Versions Compared

Key

  • This line was added.
  • This line was removed.
  • Formatting was changed.

...

  1. If the co-ordinator fails at step #1 after receiving a notification but not getting a chance to act on it, the new co-ordinator has to be able to detect the need for a rebalance operation on completing the failover. As part of failover, the co-ordinator reads a group's metadata from zookeeper, including the list of topics the group has subscribed to and the previous partition ownership decision. If the # of topics or # of partitions for the subscribed topics are different from the ones in the previous partition ownership decision, the new co-ordinator detects the need for a rebalance and initiates one for the group. Similarly if the consumers that connect to the new co-ordinator are different from the ones in the group's generation in zookeeper, it initiates a rebalance for the group.
  2. If the co-ordinator fails at step #2, it might send a HeartbeatResponse with the error code to some consumers but not all. Similar to failure #1 above, the co-ordinator will detect the need for rebalance after failover and initiate a rebalance again. If a rebalance was initiated due to a consumer failure and the consumer recovers before the co-ordinator failover completes, the co-ordinator will not initiate a rebalance. However, if any consumer sends it a JoinGroupRequest, it will initiate a rebalance for the entire group.
  3. If a co-ordinator fails at step #3, it might receive JoinGroupRequests from only a subset of consumers in the group. After failover, the co-ordinator will receive a HeartbeatRequest from all alive consumers. Similar to #1, it will trigger a rebalance for the group if it detects changes in topics/partitions or consumer membership.
  4. If a co-ordinator fails at step #4, it might fail after writing the new generation id and group membership in zookeeper.

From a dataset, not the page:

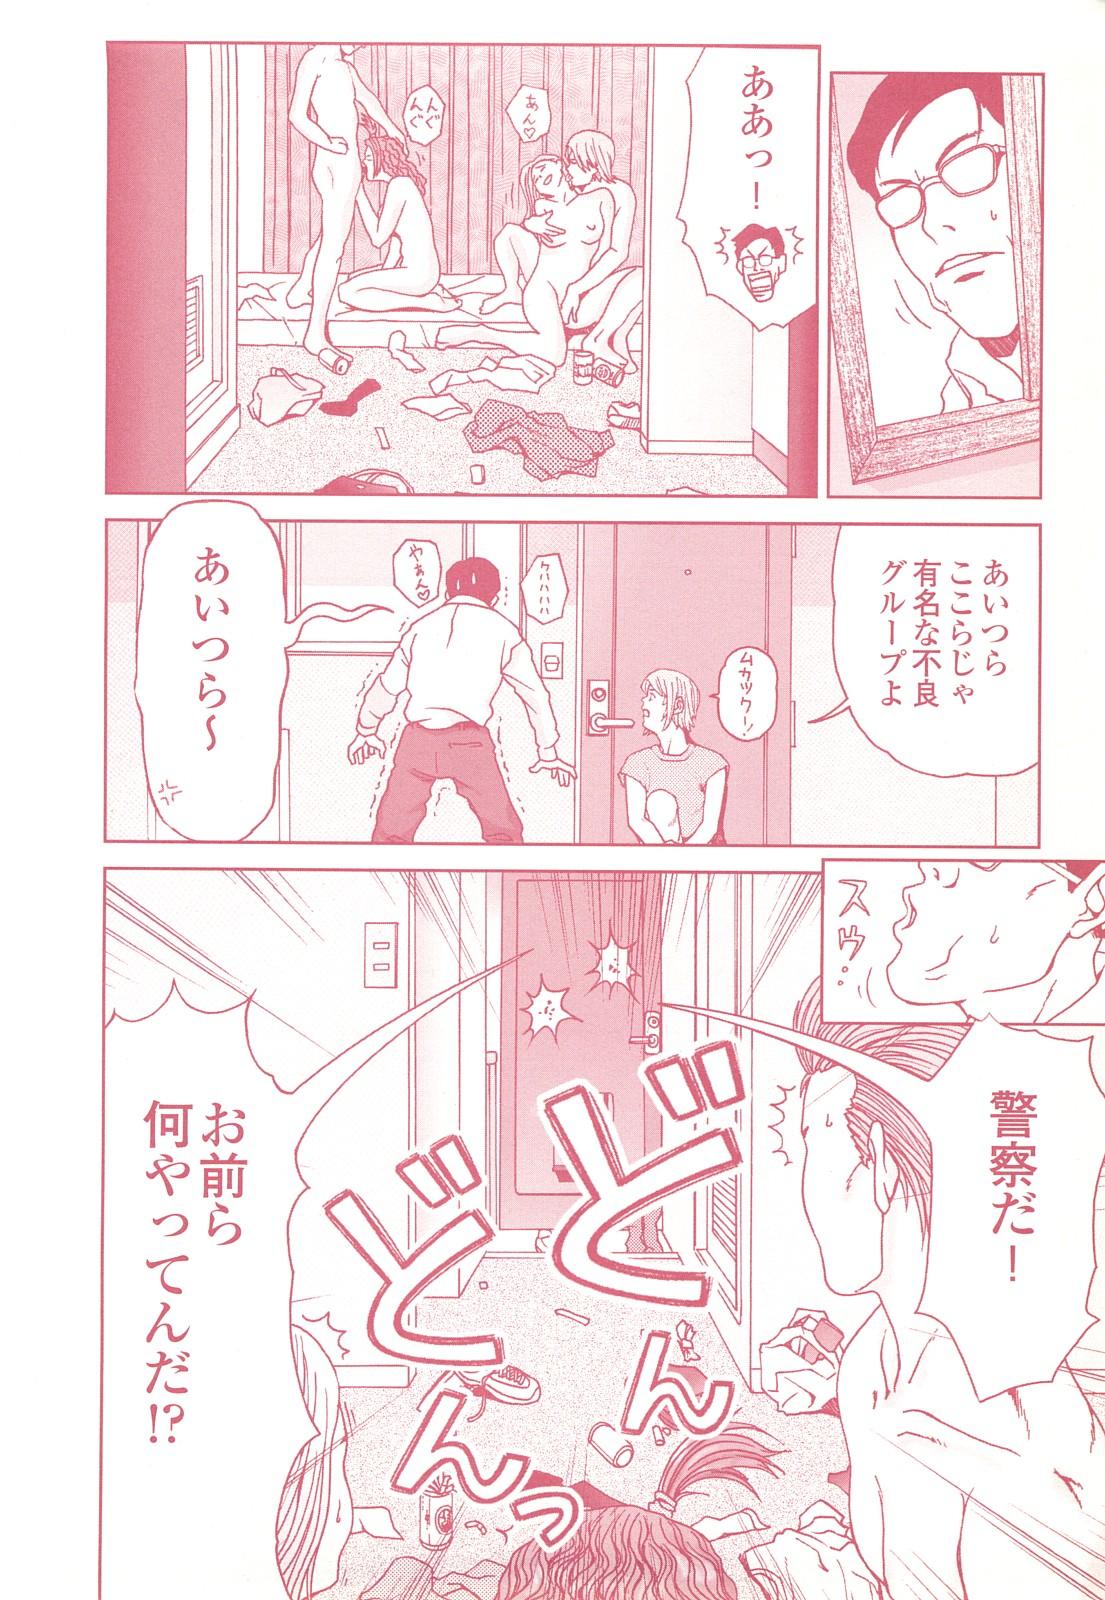 コミック裏モノJAPAN Vol.18 今井のりたつスペシャル号 105

The generation id and membership information is written in one atomic zookeeper write operation. After failover, the consumer will send HeartbeatRequests to the new co-ordinator with an older generation id. The co-ordinator triggers a rebalance by returning an IllegalGeneration error code in the response that causes the consumer to send it a JoinGroupRequest.
  5. If a co-ordinator fails at step #5, it might send the JoinGroupResponse to only a subset of the consumers in a group. A consumer that received a JoinGroupResponse will detect the failed co-ordinator while sending a heartbeat or committing offsets. At this point, it will discover the new co-ordinator and send it a heartbeat with the new generation id. The co-ordinator will send it a HeartbeatResponse with no error code at this point. A consumer that did not receive a JoinGroupResponse will discover the new co-ordinator and send it a JoinGroupRequest. This will cause the co-ordinator to trigger a rebalance for the group.

Consumer id assignment

  1. After startup, a consumer learns it's consumer id in the very first JoinGroupResponse it receives from the co-ordinator. From that point onwards, the consumer is expected to include this consumer id in every request it sends to the co-ordinator (HeartbeatRequest, JoinGroupRequest, OffsetCommitRequest). If the co-ordinator receives a HeartbeatRequest or an OffsetCommitRequest with a consumer id that is different from the ones in the group, it sends an UnknownConsumer error code in the corresponding responses.
  2. The co-ordinator assigns a consumer id to a consumer on a successful rebalance and sends it in the JoinGroupResponse. The consumer should include this id in every subsequent JoinGroupRequest as well until it is shutdown or dies.
  3. The co-ordinator does consumer id assignment after it has received a JoinGroupRequest from all existing consumers in a group. At this point, it assigns a new id <group>-<consumer_host>-<sequence> to every consumer that did not send a consumer id in the JoinGroupRequest. The assumption is that such consumers are newly started up.
  4. If a consumer fails to send the same consumer id on subsequent JoinGroupRequests, it will cause a chain of rebalance attempts and can cause the group to never finish a rebalance operation successfully. This is because the way a co-ordinator knows that a rebalance operation should be triggered due to a new consumer, is by checking the consumer id in the JoinGroupRequest. If there is no consumer id, it assumes that a new consumer wants to join the group.
  5. If a consumer id is specified in the JoinGroupRequest but it does not match the ids in the current group membership, the co-ordinator sends an UnknownConsumer error code in the JoinGroupResponse and prevents the consumer from joining the group. This does not cause a rebalance operation but also does not allow such a consumer to join an existing group.